About this task
Quote the listing in full, exactly as given, minus any pictures.

Data below
☆ ☆ ☆ ☆ ☆
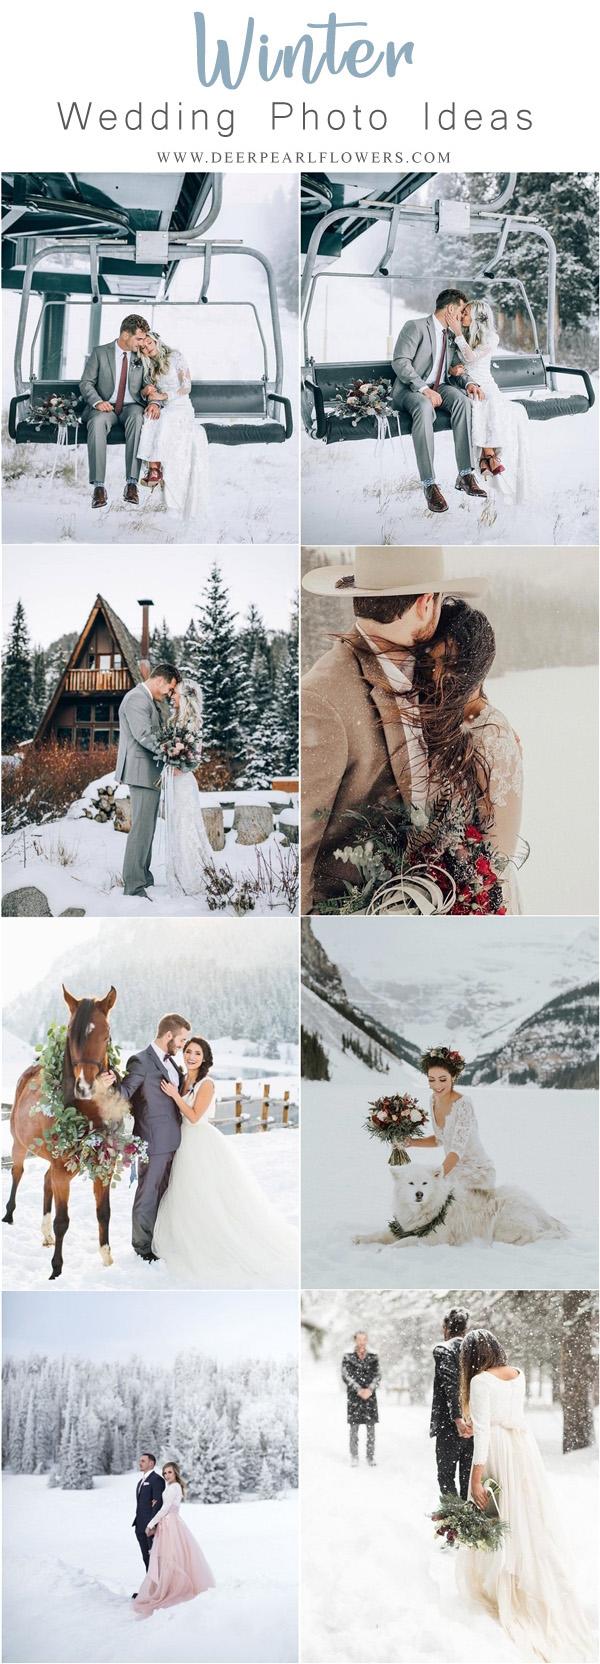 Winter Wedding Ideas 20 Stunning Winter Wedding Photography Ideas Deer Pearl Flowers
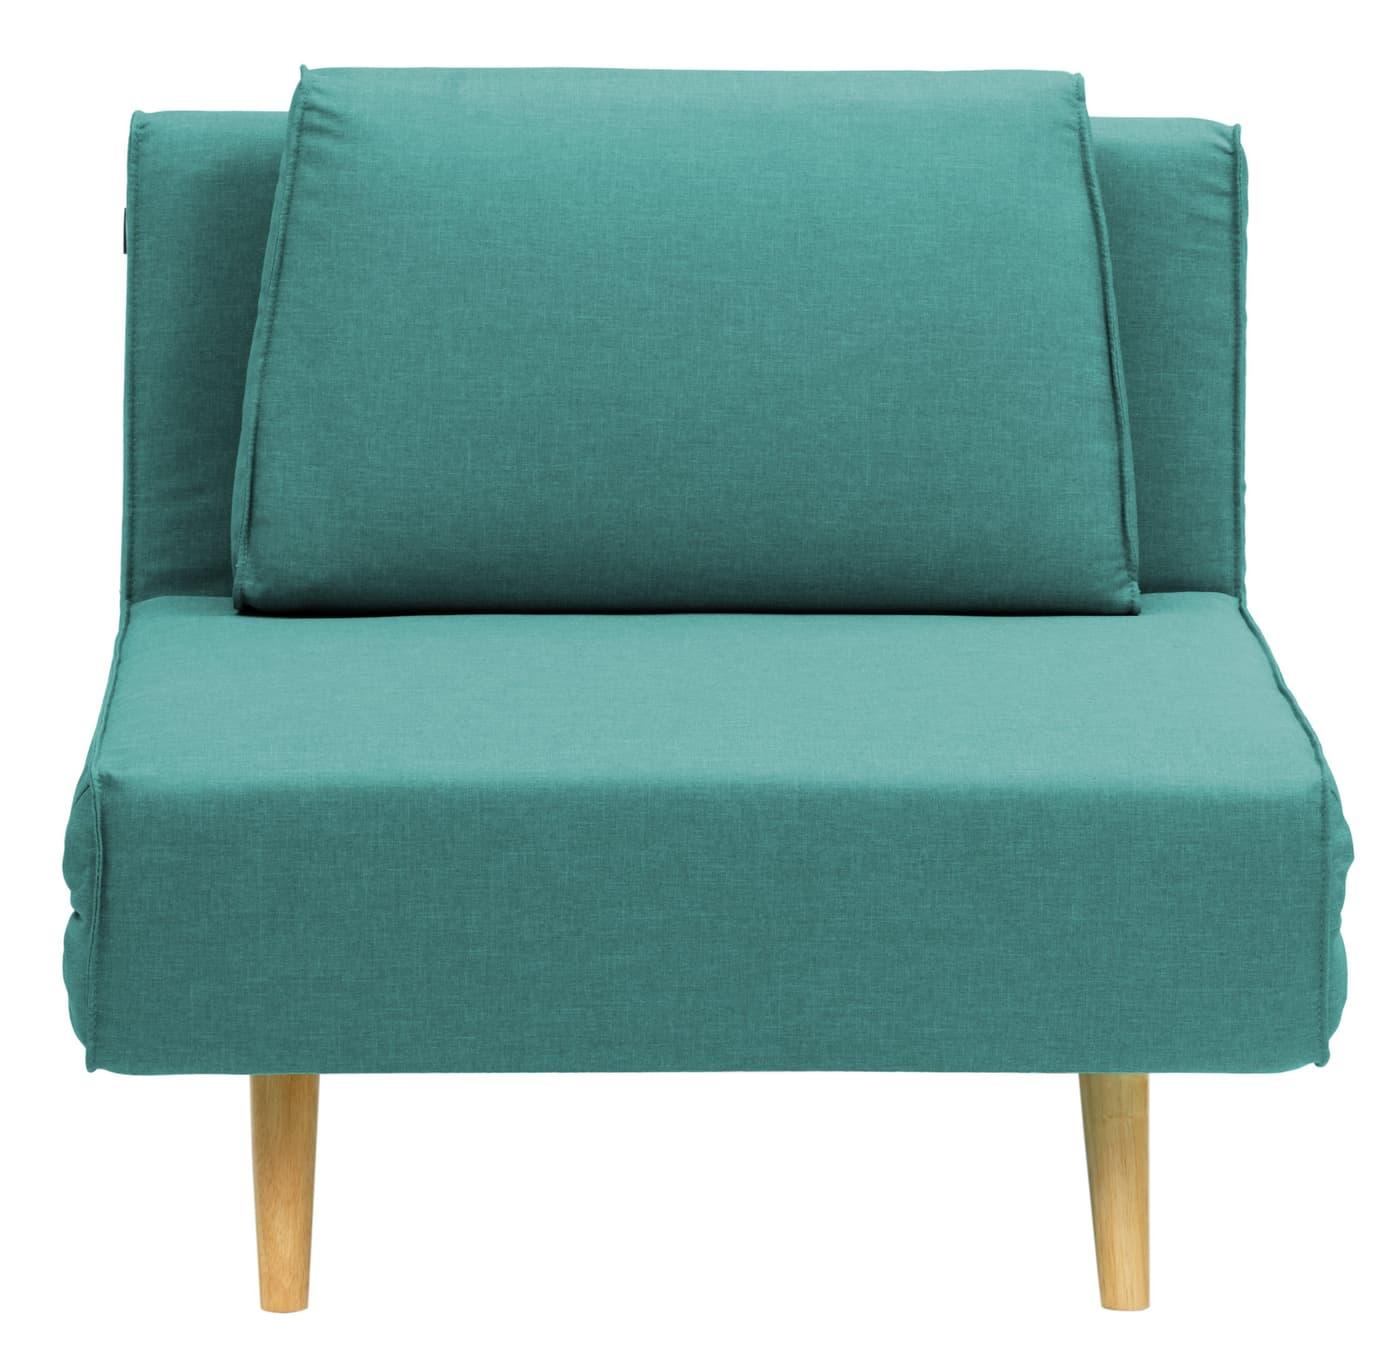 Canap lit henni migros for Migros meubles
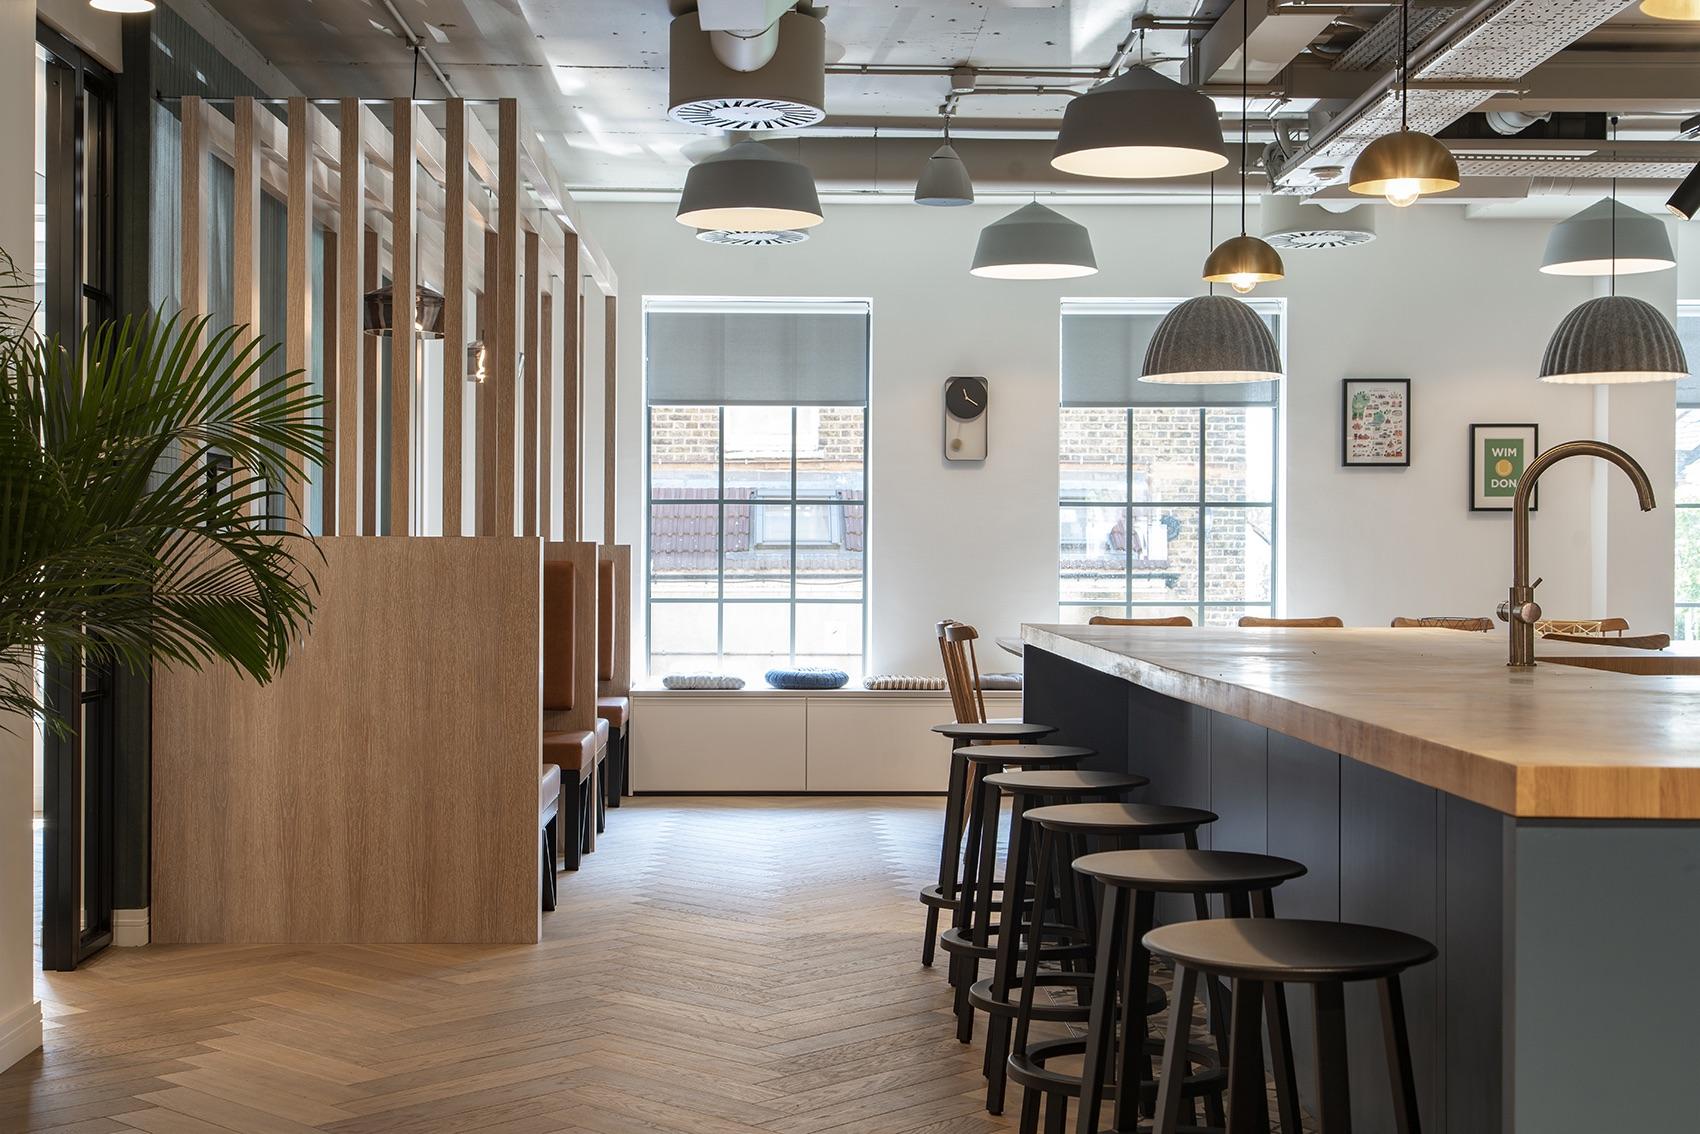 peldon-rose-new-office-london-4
☆ ☆ ☆ ☆ ☆
Solution for this exercise
 Winter Wedding Ideas 20 Stunning Winter Wedding Photography Ideas Deer Pearl Flowers
 Canap lit henni migros for Migros meubles
 peldon-rose-new-office-london-4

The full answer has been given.